We are given the following data: 
- The time period of the spring without the additional weight is \( T_1 = 0.6 \, {s} \), 
- The time period of the spring with the additional weight is \( T_2 = 0.7 \, {s} \). 
The time period of a mass-spring system is given by the formula: \[ T = 2\pi \sqrt{\frac{m}{k}} \] where \( T \) is the time period, \( m \) is the mass, and \( k \) is the spring constant. 
Step 1: Find the ratio of the time periods. Using the relationship between the initial and final time periods: \[ \frac{T_2}{T_1} = \sqrt{\frac{m_2}{m_1}} \] Squaring both sides: \[ \left( \frac{T_2}{T_1} \right)^2 = \frac{m_2}{m_1} \] Substitute the values: \[ \left( \frac{0.7}{0.6} \right)^2 = \frac{m_2}{m_1} \] \[ \frac{m_2}{m_1} = \left( \frac{7}{6} \right)^2 = \frac{49}{36} \] Thus, the mass after adding the weight is \( \frac{49}{36} \) times the original mass. The additional mass is: \[ \Delta m = m_2 - m_1 = m_1 \left( \frac{49}{36} - 1 \right) = m_1 \times \frac{13}{36} \] Step 2: Find the extension.

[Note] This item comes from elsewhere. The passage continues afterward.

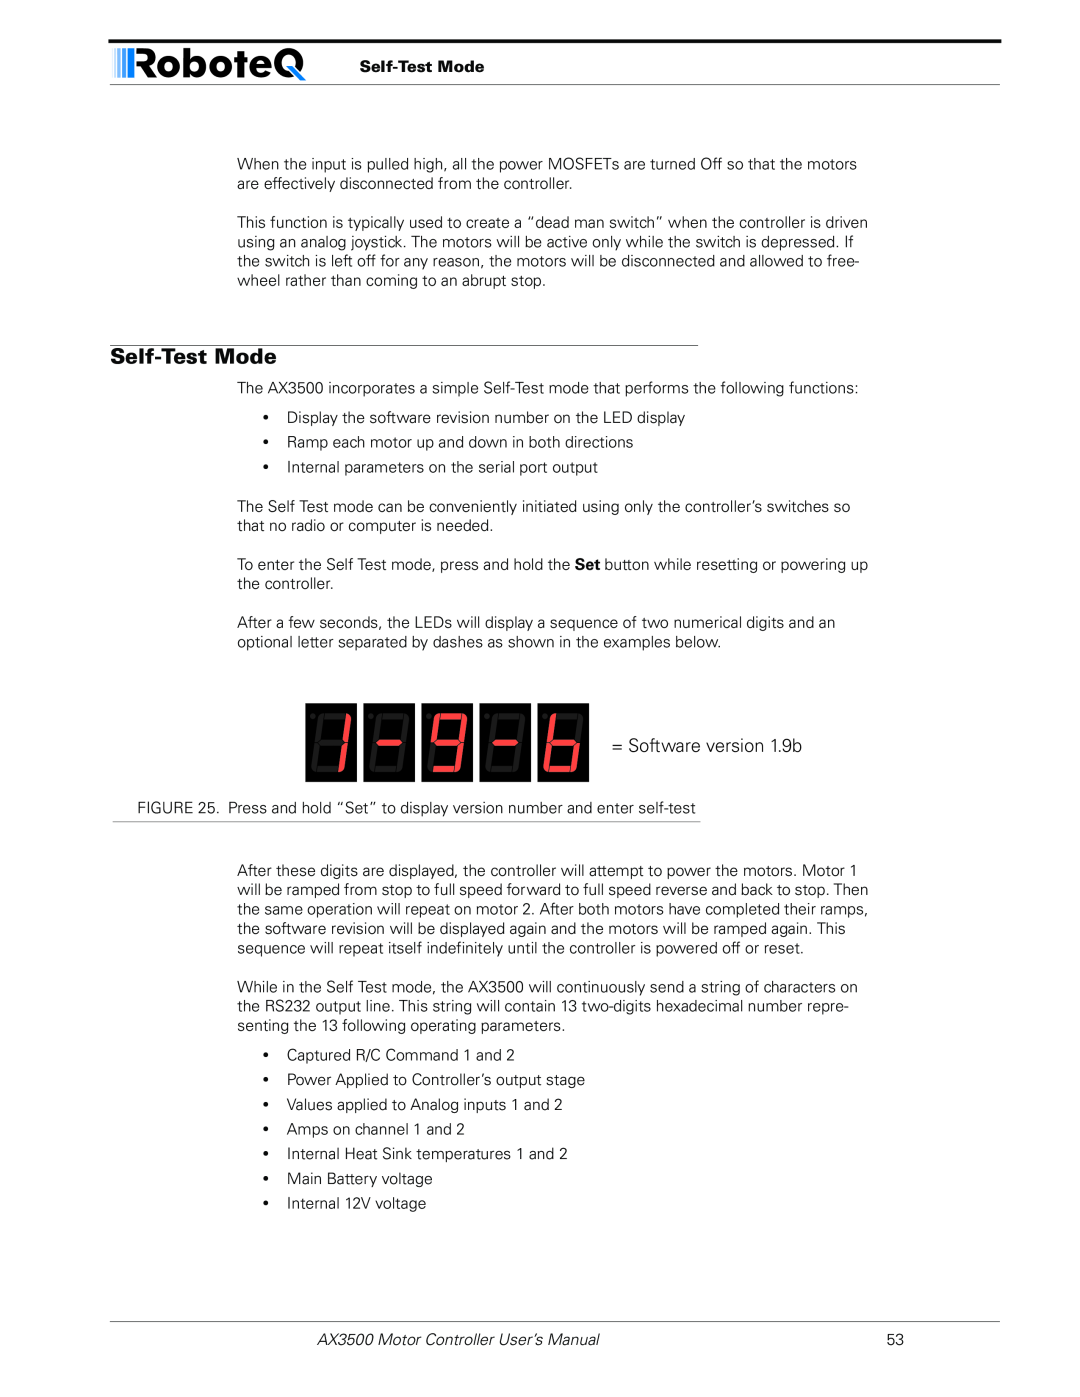 RoboteQ user manual Self-Test Mode, = Software version 1.9b, AX3500 Motor Controller User’s Manual 
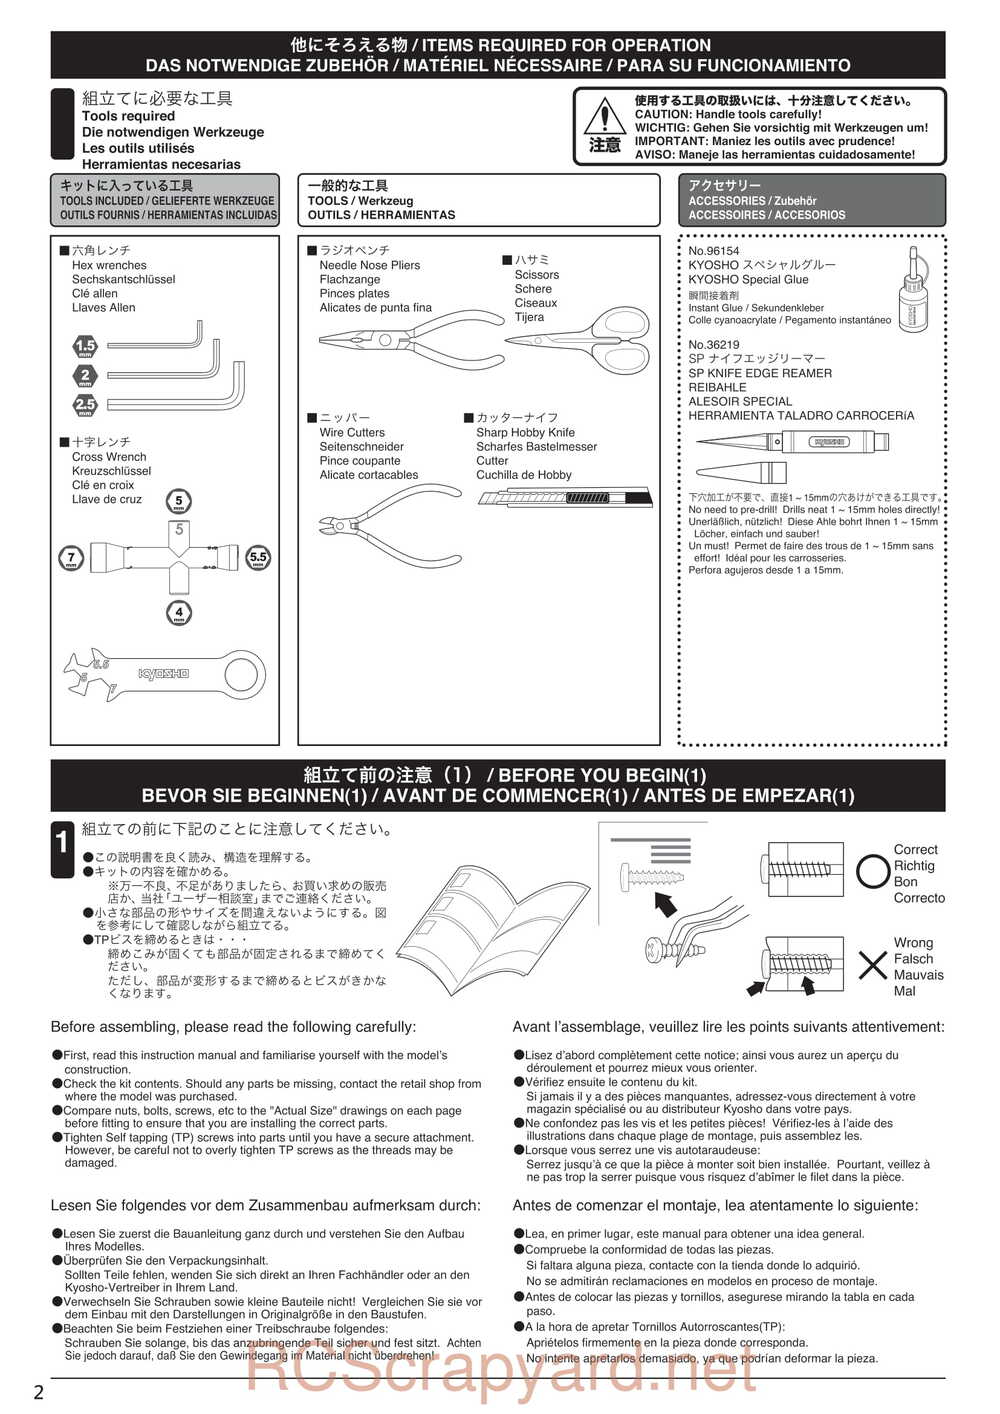 Kyosho - 30613 - Scorpion 2014 - Manual - Page 02

The extension of the spring \( \Delta x \) due to the additional weight is proportional to the weight \( \Delta m \). 
Using the force extension relationship: \[ F = \Delta m \cdot g = k \cdot \Delta x \] The extension \( \Delta x \) is: \[ \Delta x = \frac{\Delta m \cdot g}{k} \] Thus, the extension due to the additional weight is 3 cm. 
Conclusion: The extension due to the additional weight is 3 cm, so the correct answer is (2) 3 cm.